7. A history storage means for storing learning history information for each recognition area, and based on the learning history information stored in the history storage means when it is determined to update an existing recognition area. , Update method instructing means for selecting and instructing an appropriate update method from a plurality of types of update methods as update methods of the filter function for each recognition area, and the filter function updating means determines the update method selecting means. 6. The network according to claim 1, wherein each of the filter functions in the set of filter functions forming the existing recognition region is individually updated by using the update method described above. System for learning type information processing equipment.

8. A frequency distribution measuring means for obtaining a frequency distribution from history information stored in the history storage means is provided, and the filter function updating means uses a statistical method using the frequency distribution obtained by the frequency distribution measuring means. The learning system for a network type information processing apparatus according to claim 1, wherein the filter function is updated.

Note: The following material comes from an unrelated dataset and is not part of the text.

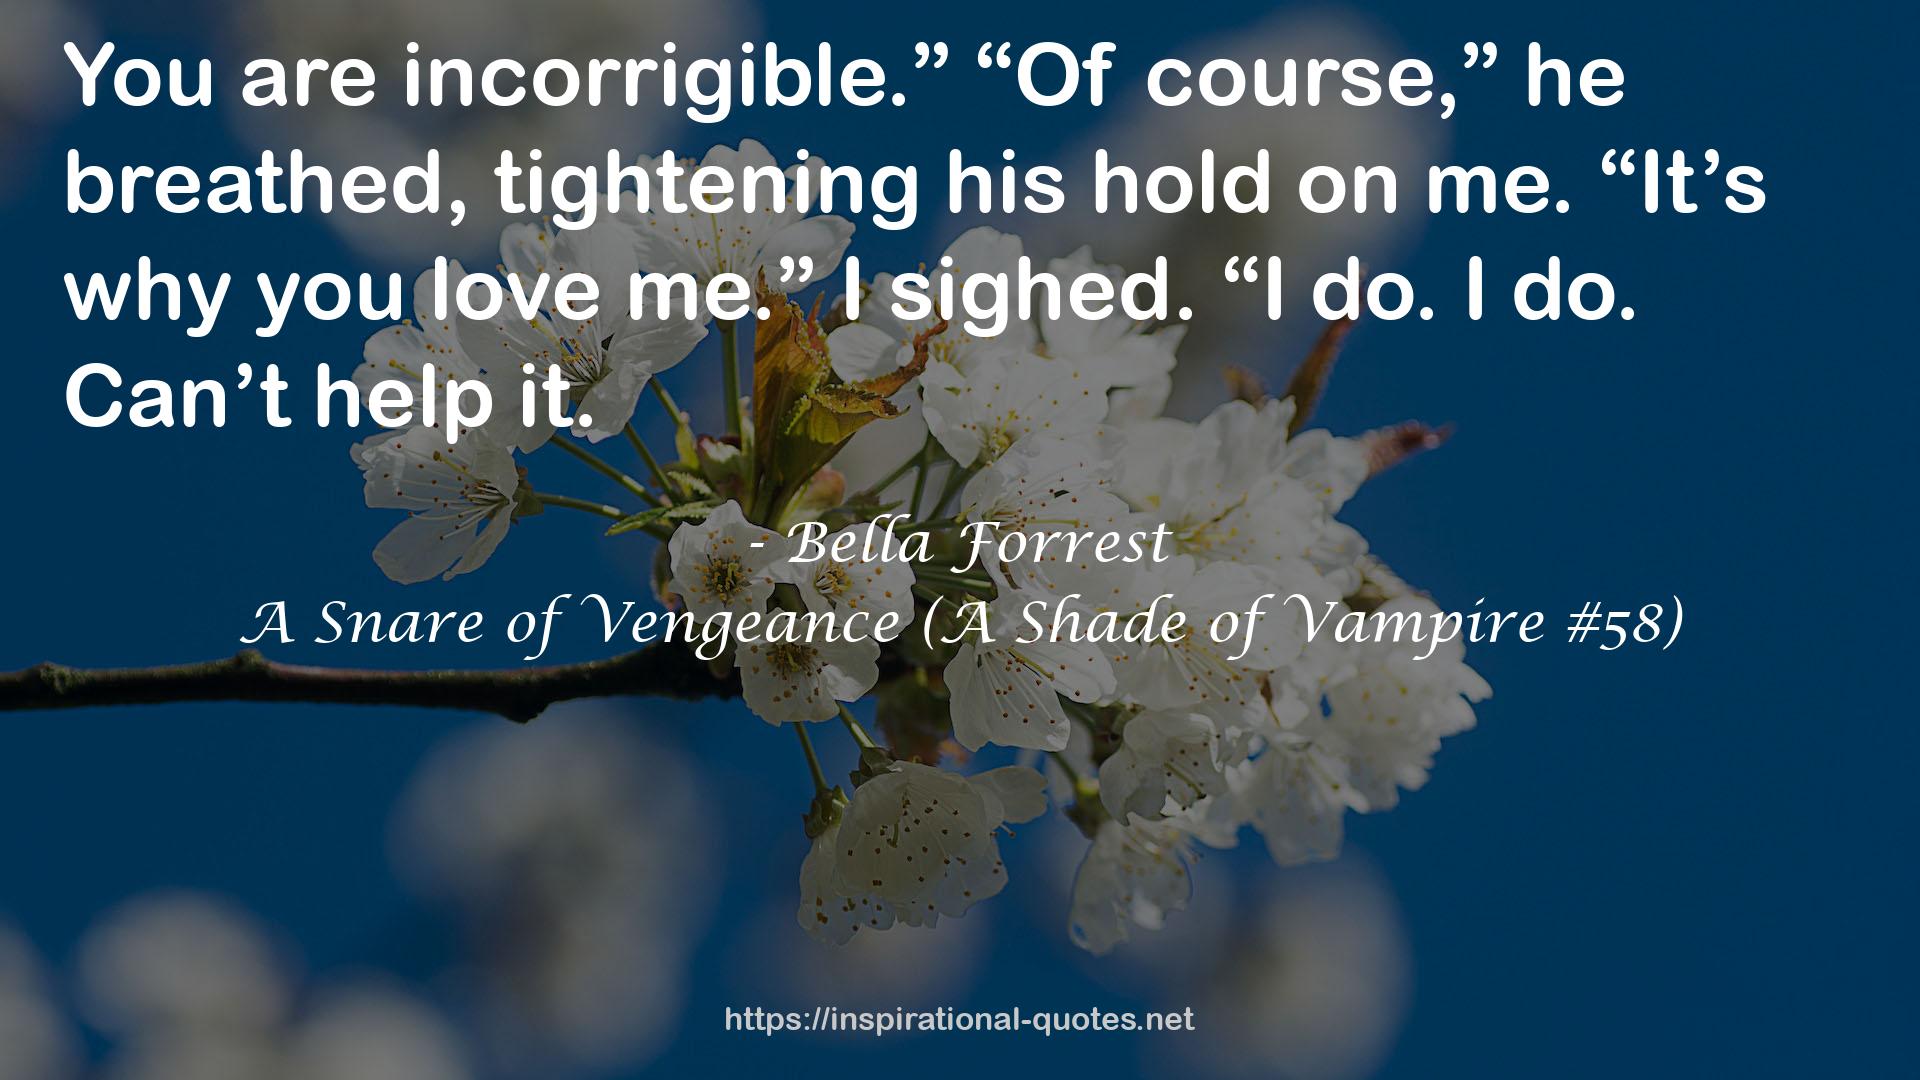 A Snare of Vengeance (A Shade of Vampire #58) QUOTES

9. After completion of learning for a certain period, it is determined whether or not there is noise in a set of filter functions having extremely few teacher signals, based on the contents of the set of filter functions having adjacent regions, and noise is detected. 9. The learning system for a network type information processing apparatus according to claim 1, further comprising a noise removing unit that removes the rule when it is determined to be true.

10. An area in which a set of filter functions is not generated, comprising means for deriving an error using the evaluation data and checking the end of learning, the evaluation data is not used only for deriving the error. 10. The learning system for a network-type information processing device according to claim 1, further comprising an evaluation data reuse unit that is also used as learning data for.